Trying to Stepmom's picture

Nothing has really changed since my last post. SD goes back and forth from being sweet to being a turd. DH and I haven’t gone over our expectations with her still but she also hasn’t been with us much. She spent her 2 week Winter break with BM and has been a Negative Nancy since. Even to the point that DH has mentioned it to her and doesn’t enjoy being with her when she’s like that. 

This past Thursday I came home from work and felt like I had to say “No, please stop” to just about everything she was doing. I even said out loud in front of SD and DH “why do I feel like I have to say No and Stop to everything tonight?” DH and I have a toddler and she’s to the point that she wants to do everything that “sissy” does and I’m not ok with that. 

So today, BM calls to say that SD was out of contacts and if BM and DH could meet so he could drop them off. (BM and SD live about 40 minutes away from us, so there’s a designated meeting place.) We already had plans and DH said they could figure something out. After going out for a family member’s bday and going grocery shopping, DH had a headache and was pretty tired. Btw, he has a broken foot and is stubborn about resting. BM finally calls about meeting but still doesn’t give final details. I know it’s not really my place, but I told him he should really stay home and rest his foot and that SD can wear her glasses until we see her on Tuesday. There were more conversations with BM and SD and after he said she could wait until Tuesday, BM said she’d drive to our house tonight to get them. We still didn’t know when she was coming tonight and DH was about to put our toddler to bed and then go to bed himself. I usually stay up a little later to either do work or have some “me” time. DH really didn’t want to talk to BM but I told him that if I was going to be giving the contacts to her when she gets to our house, I need to know what time. It was 8:15 and she hadn’t left yet! She finally made it a little before 9pm and I didnt say much to her. 

Am I unreasonable to suggest to DH that he should stay home and rest his foot and that SD can just wear glasses for the next day and a half? She’s almost 13 and if she’s going to wear contacts, she needs to be responsible enough to know when she’s running low or is out at BM’s house. And not have her parents go out of their way just because she doesn’t like to wear her glasses  

I really want to disengage but I’m finding it hard to. And  DH understands, but it’s just difficult. 

Comments

SteppedOut's picture

You are not out of line.

A 13yr old should be able to keep up with contacts and then if not, "suffer" the consequences of wearing glasses for two days.

I damn sure wouldn't have hopped to bring her contacts after a busy day (even without a broken foot). More power to BM if she wants to drive 40 minutes there and back and waste her time and gas. 

Harry's picture

SD wants to insert her power to make all of you jump,when she saids jump.  BM, BF and you.  You are right, what a few days in glasses 

Monkeysee's picture

You’re not out of line, you were prioritizing your injured husband over a ‘forgetful’ teen who had a reasonable alternative.

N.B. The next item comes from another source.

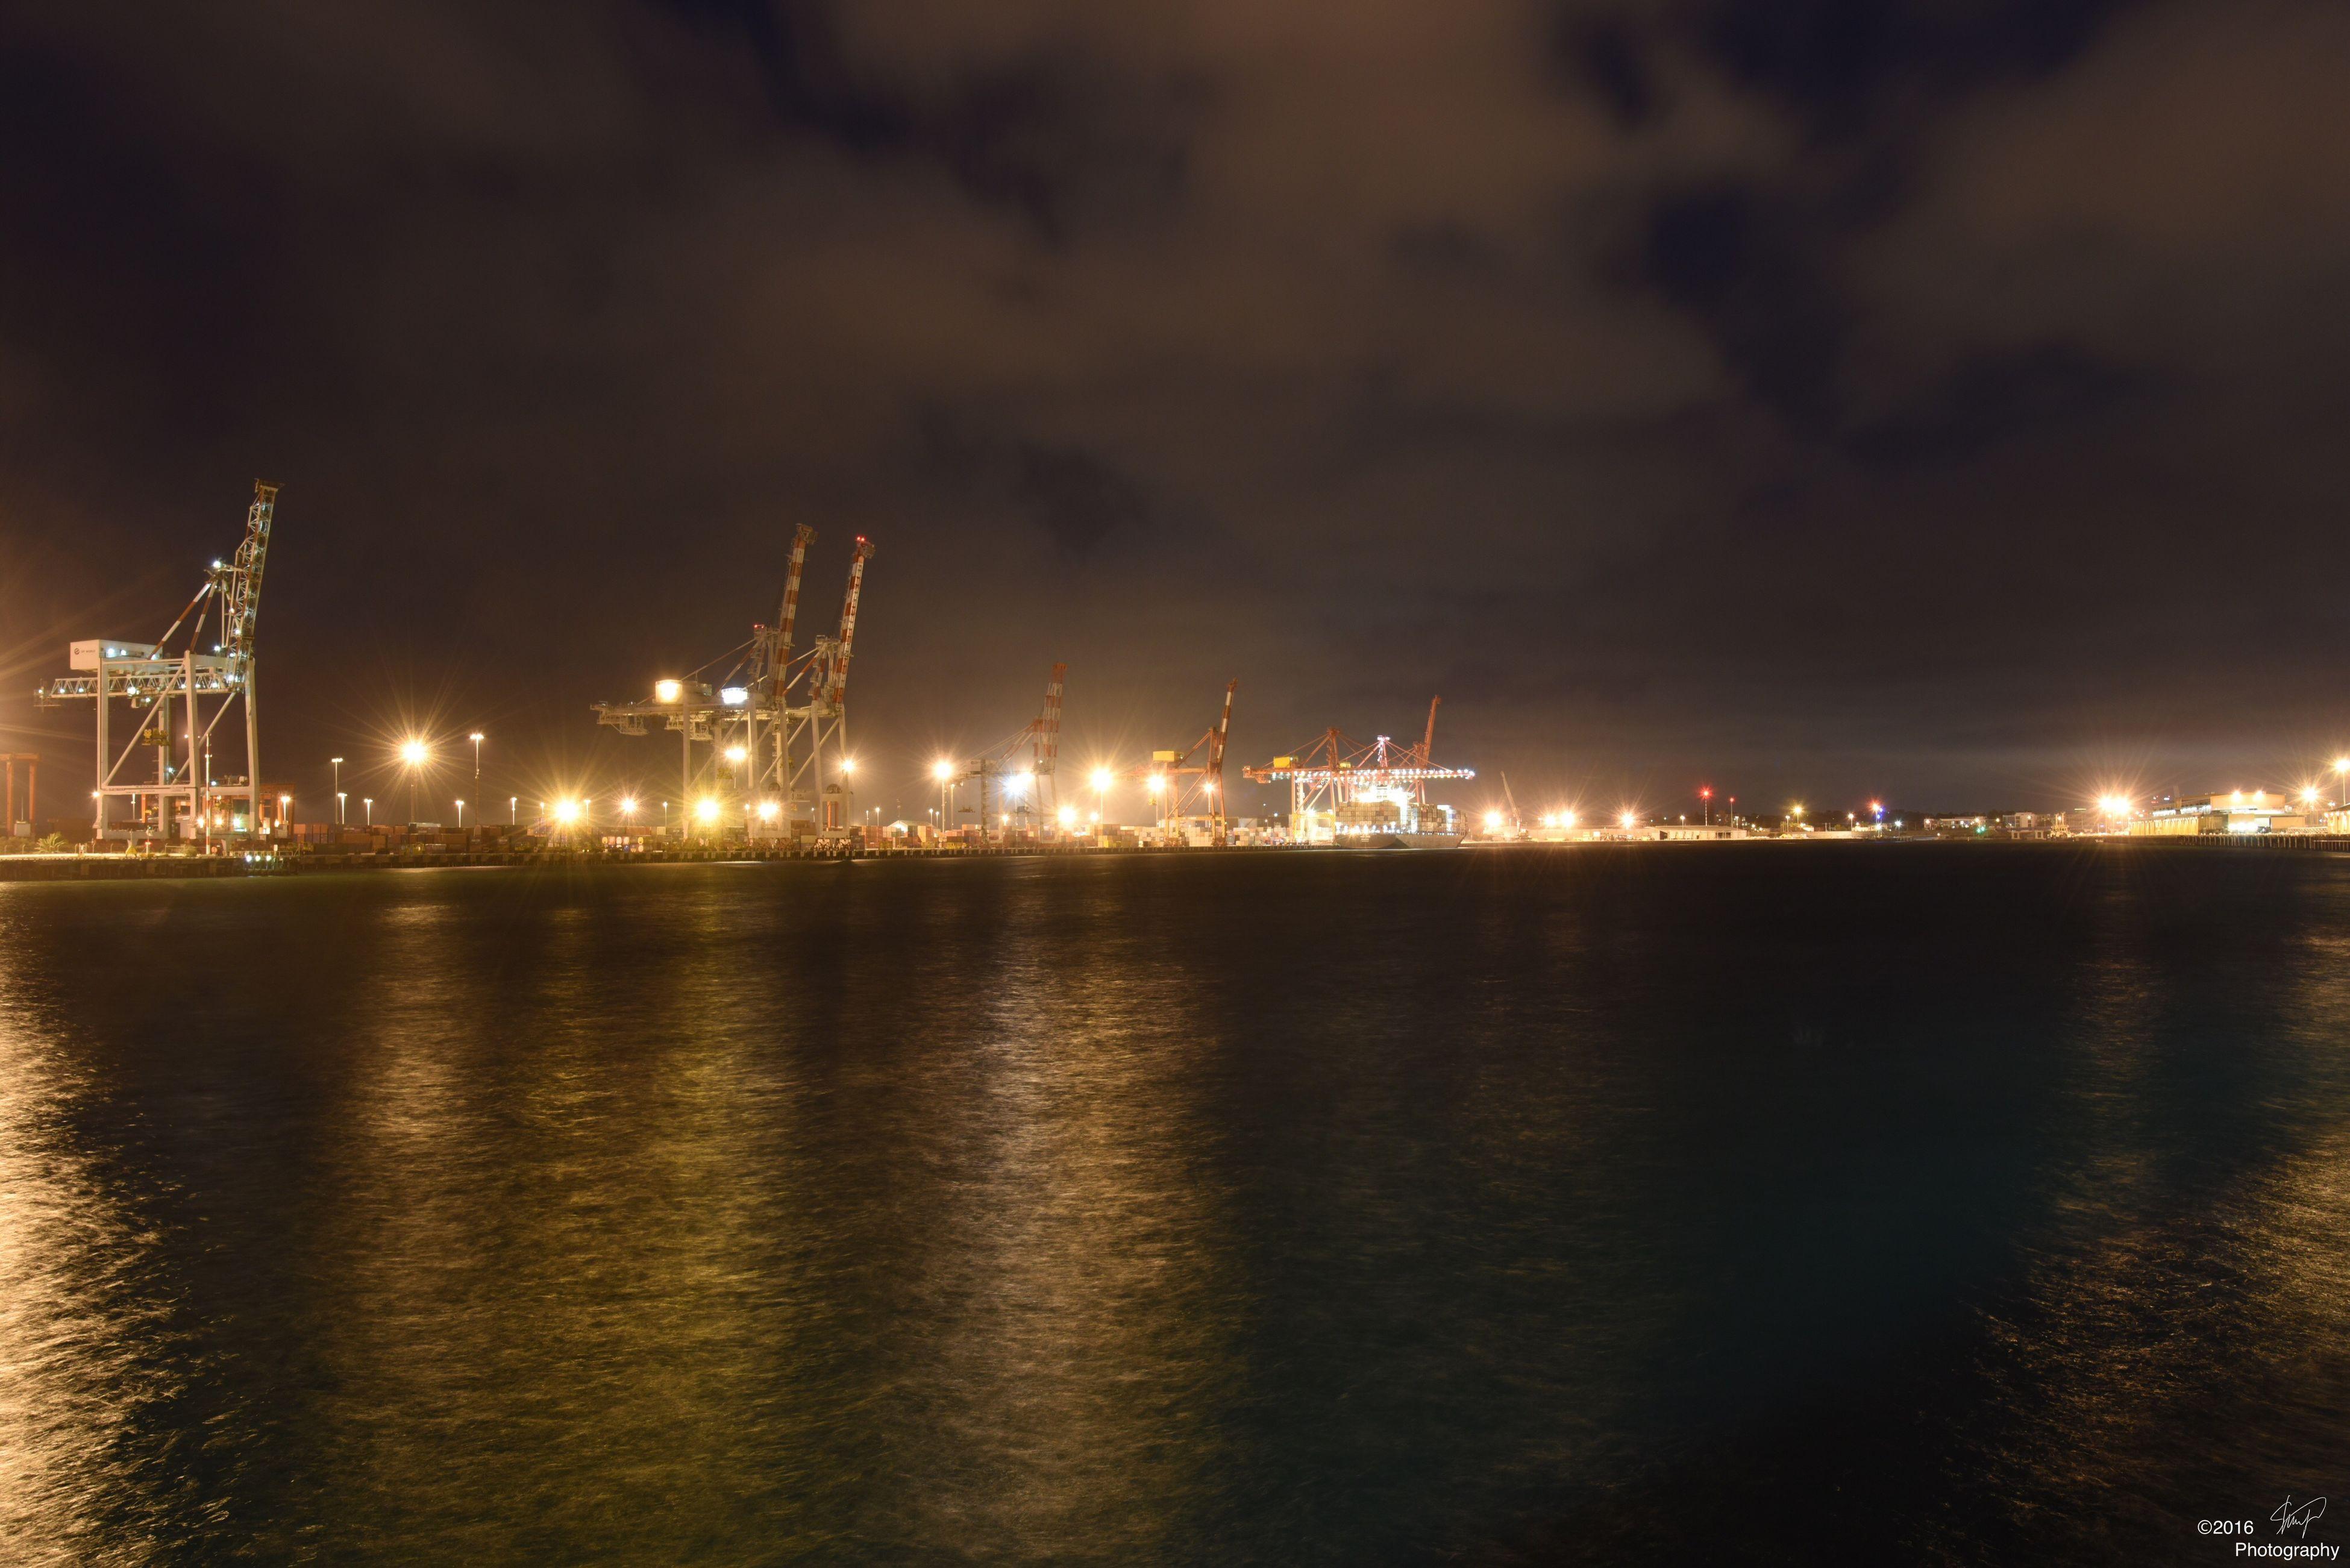 Night view at Fremantle harbor. Landscape No Filter DSLR Nikon Waterfront Outdoors Nightphotography Long Exposure Fremantle  Australia

Your DH doesn’t have to run around after his daughter every time she forgets something, how else will she learn accountability?

If BM wants to give in to these little tricks that’s on her, but I would have said the same to my husband, especially if he was injured/sick etc. I’m glad your DH didn’t give in. I would have been tempted to leave the contacts in the mailbox for BM instead of waiting around for her to show up.

tog redux's picture

No, you are not unreasonable - it might teach her to remember her contacts if she had to wear glasses for a day.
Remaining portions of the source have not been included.